Despite a perfect 4–0 preseason and being declared Preseason Champs, Marinelli coached the 2008 Lions to a winless 0–16 campaign, the first winless season for any NFL team since the 16-game regular season was instituted in 1978.

On December 29, 2008, Marinelli was fired, in addition to the majority of his coaching staff. The combined record during his three seasons with the Lions was 10–38, one of the worst in NFL history for a head coach with at least three years' experience. Among coaches with at least 10 career wins, only Bert Bell (coaching his own Eagles as an austerity measure) had a worse record (10–46–2); Steve Spagnuolo tied Marinelli's 10–38 record after spending three seasons with the St. Louis Rams from 2009 to 2011.

====Chicago Bears====
Marinelli joined the Chicago Bears in January 2009 as assistant head coach and defensive line coach, reuniting him with Lovie Smith, whom he worked with under head coach Tony Dungy in Tampa Bay from 1996 to 2000. Marinelli also interviewed with the Houston Texans and Seattle Seahawks before joining the Bears. He was promoted from defensive line coach to defensive coordinator in February 2010. In the 2010–2012 seasons, Marinelli's defenses ranked ninth, seventeenth, and fifth, respectively, in the league. In 2012, the Bears led the NFL in interceptions (24), as well as in takeaways (44). They were also sixth in third-down efficiency (35.5 percent) and eighth in sacks (41), while ranking third with the fewest points allowed (477). Marinelli left the Bears in January 2013.

====Dallas Cowboys====
On January 18, 2013, Marinelli joined the Dallas Cowboys as the defensive line coach. He was promoted to defensive coordinator after the demotion of Monte Kiffin on January 28, 2014.
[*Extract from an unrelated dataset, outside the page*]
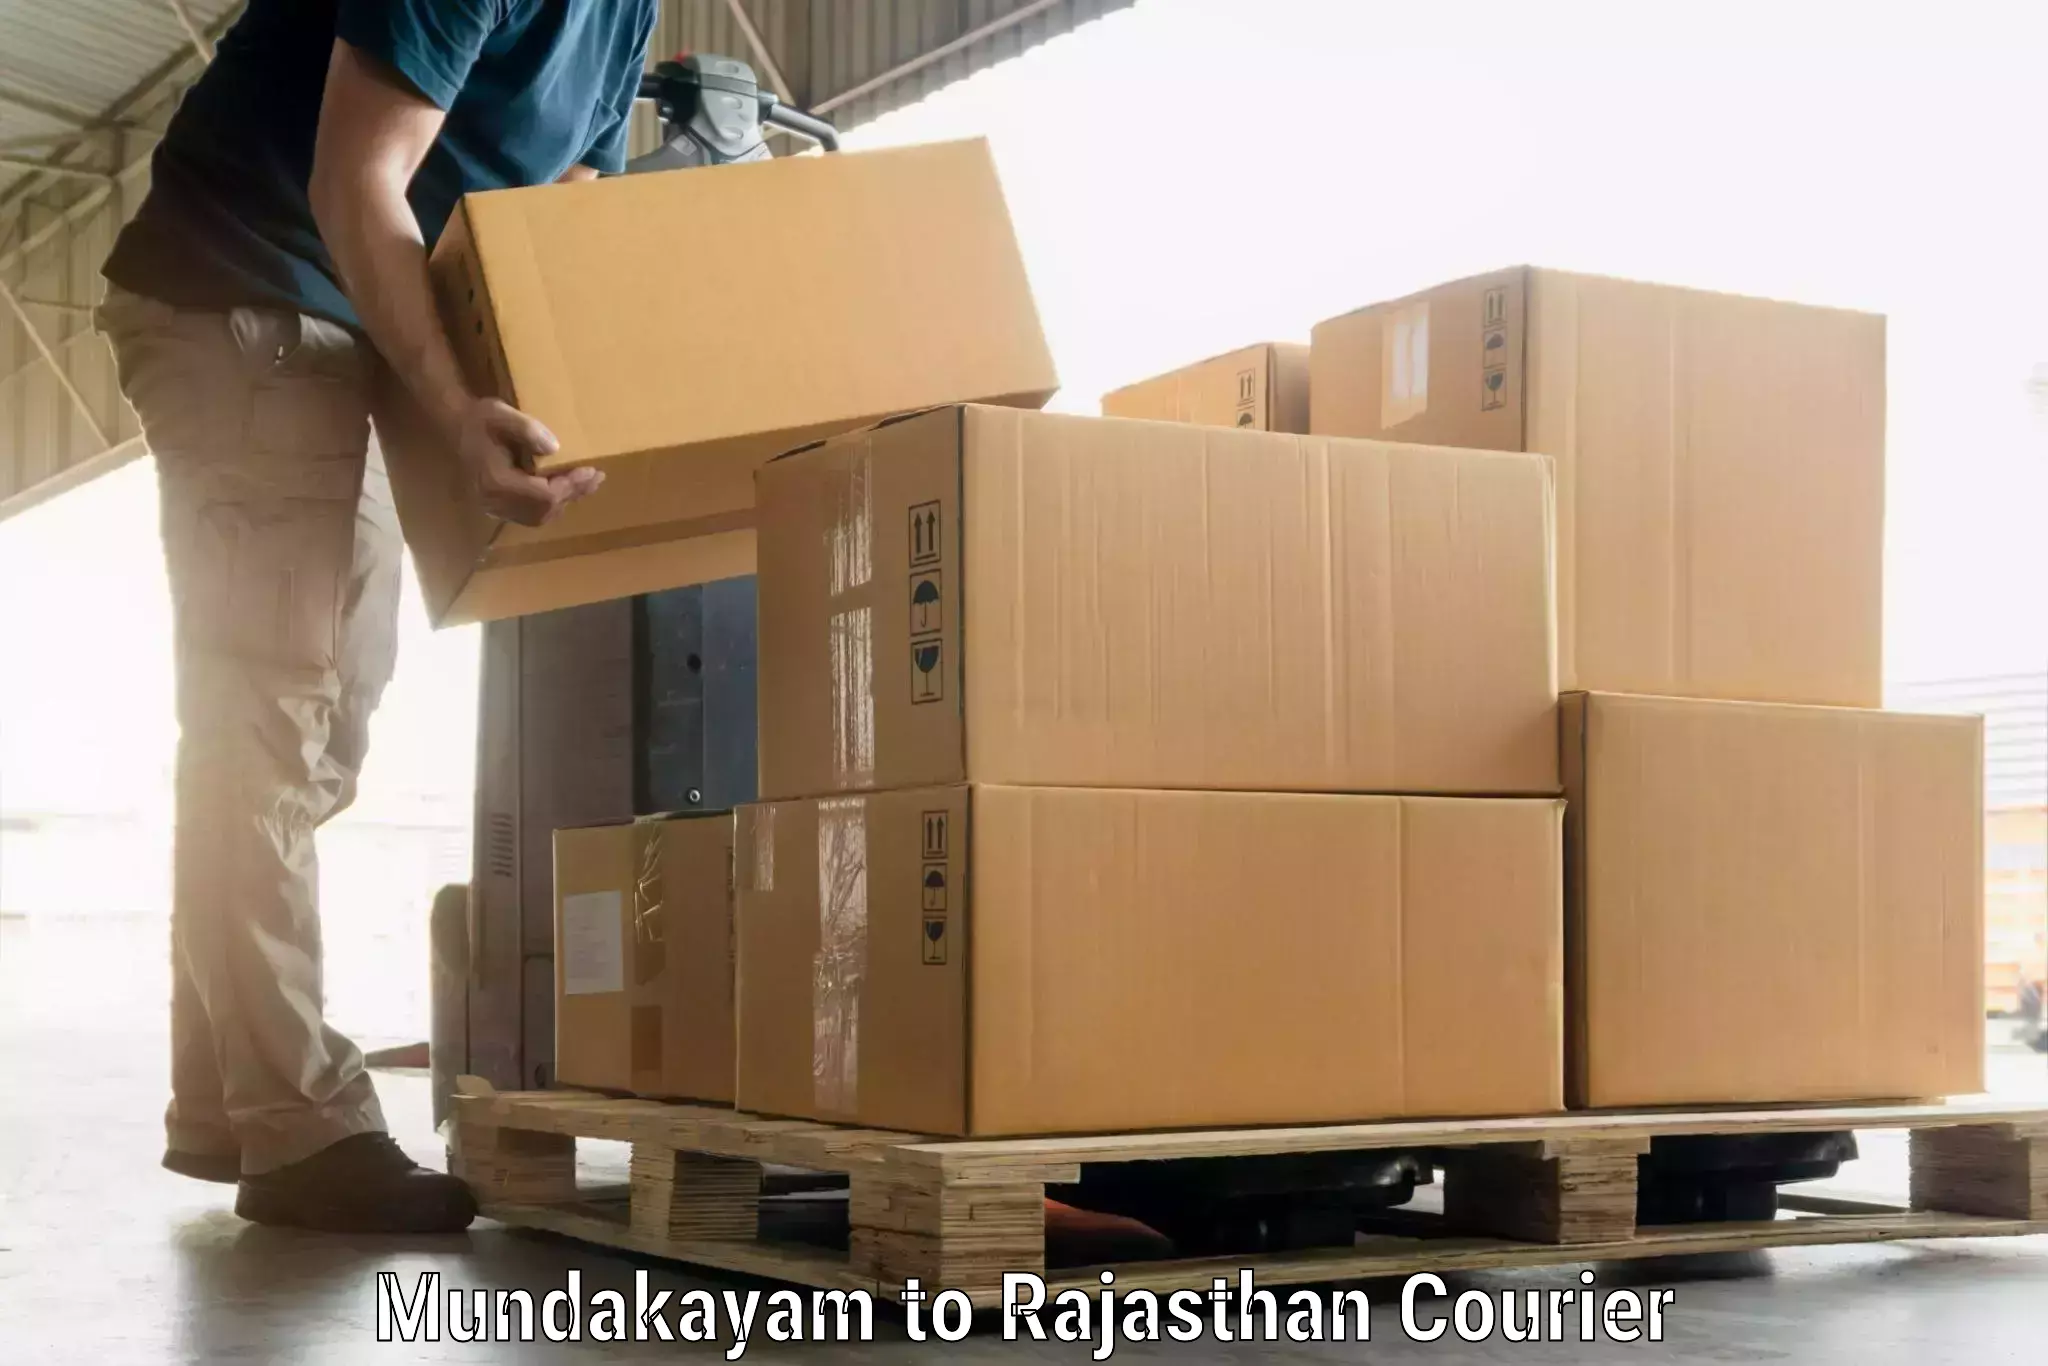 Baggage transport services Mundakayam to Rajasthan

The Cowboys posted a 12–4 record in Marinelli's first season as defensive coordinator, with his defense ranking 14th in the league.
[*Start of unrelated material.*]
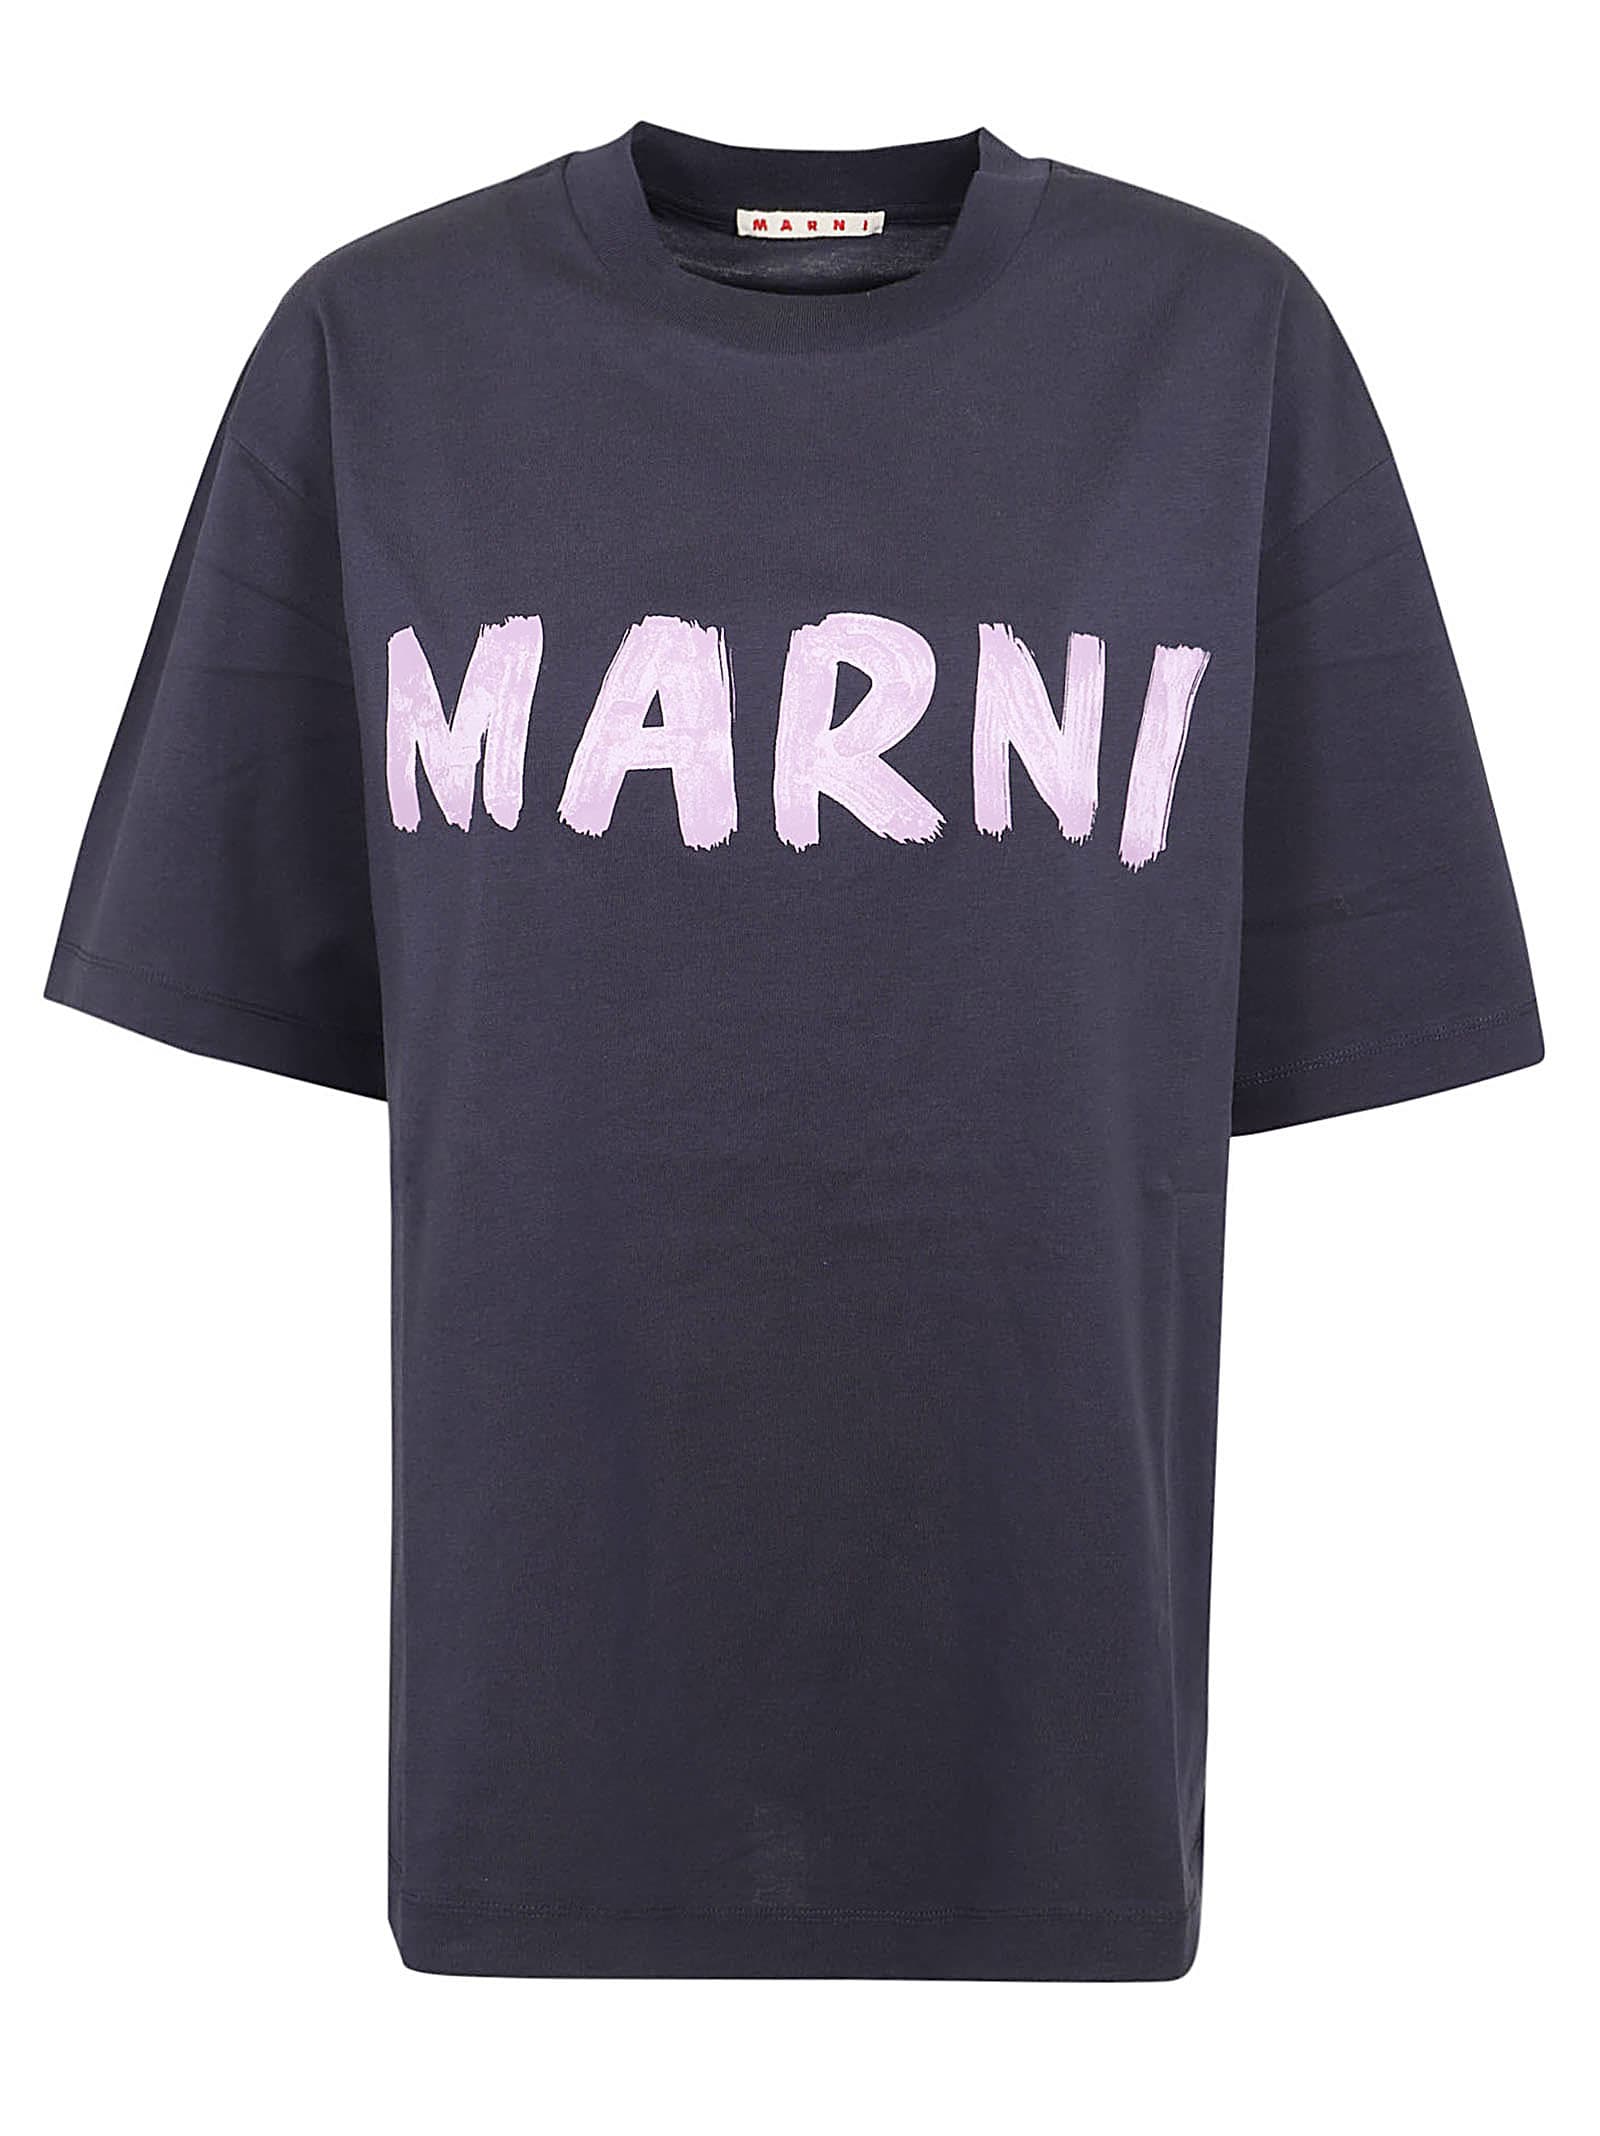 Marni T-shirt In Blublack

On January 13, 2015, Marinelli signed a 3-year extension with the Cowboys to remain the defensive coordinator.

====Las Vegas Raiders====
On February 5, 2020, Marinelli was named the defensive line coach for the newly relocated Las Vegas Raiders. On December 13, Marinelli was promoted to interim defensive coordinator, following the firing of Paul Guenther.
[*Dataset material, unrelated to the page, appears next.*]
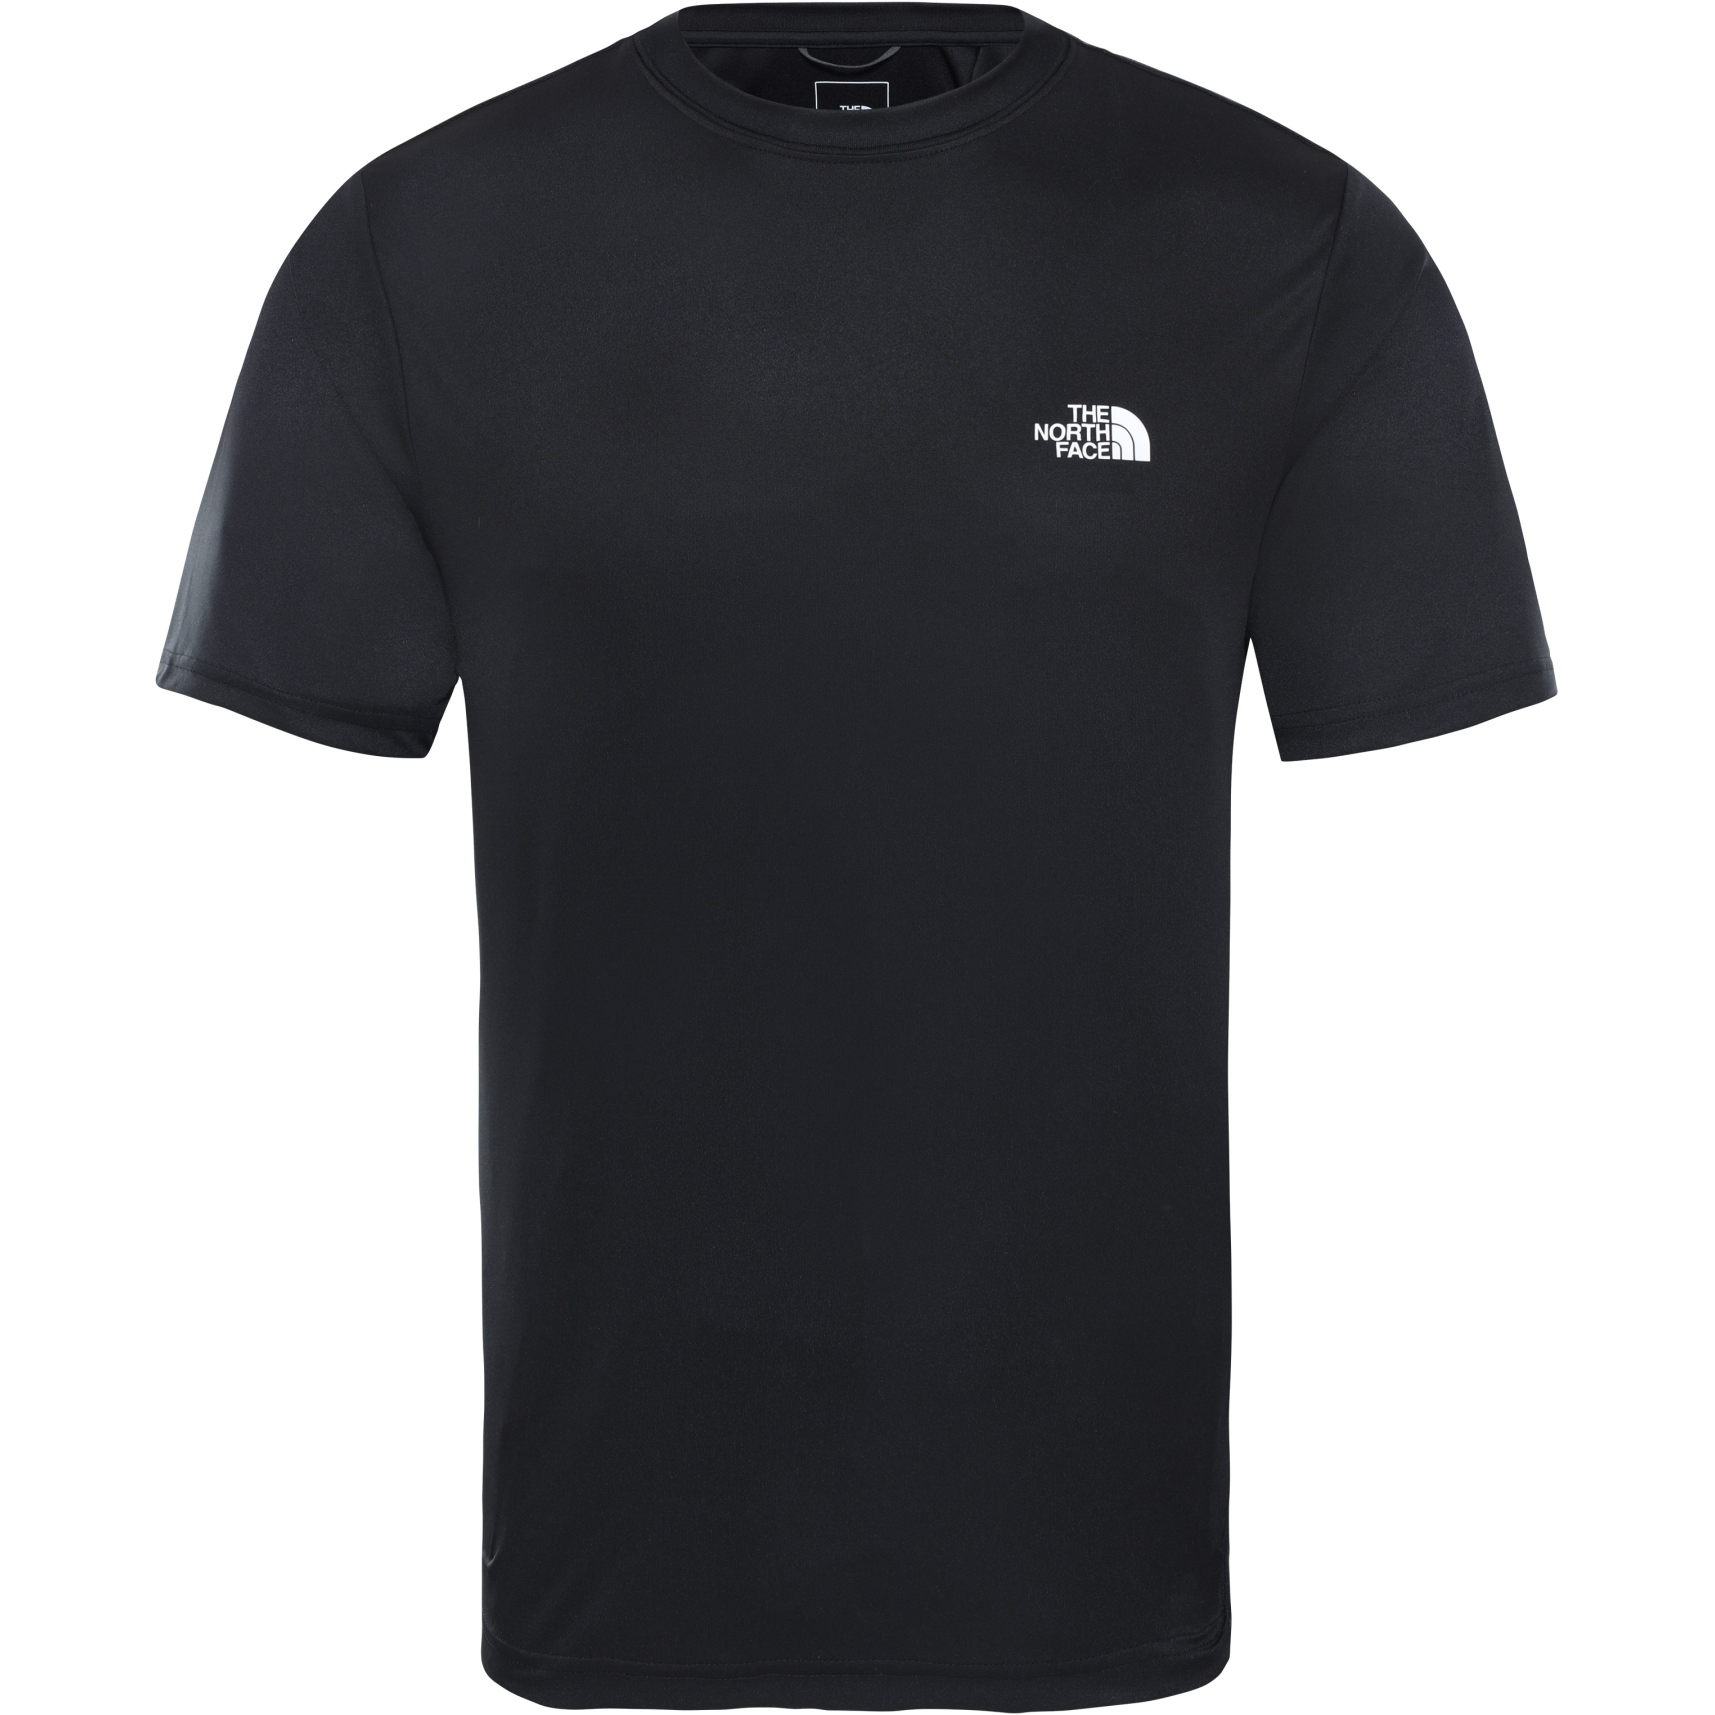 Produktbild von The North Face Reaxion Amp T-Shirt Herren - TNF Black

On February 11, 2022, Marinelli announced that he would be retiring from coaching.

===Head coaching record===

| Team | Year | Regular season |  |  |  |  | Postseason |  |  |  |
| Won | Lost | Ties | Win % | Finish | Won | Lost | Win % | Result |
| DET | 2006 | 3 | 13 | 0 | .188 | 4th in NFC North |  |  |  |  |
| DET | 2007 | 7 | 9 | 0 | .438 | 3rd in NFC North |  |  |  |  |
| DET | 2008 | 0 | 16 | 0 | .000 | 4th in NFC North |  |  |  |  |
| Total |  | 10 | 38 | 0 | .208 |  |  |  |  |  |

==Personal life==

Marinelli and his wife, Barbara, have two daughters, Chris and Gina. Chris is married to Joe Barry, the Green Bay Packers' former defensive coordinator.

Marinelli is a veteran of the Vietnam War. He was wounded in Vietnam and contracted malaria.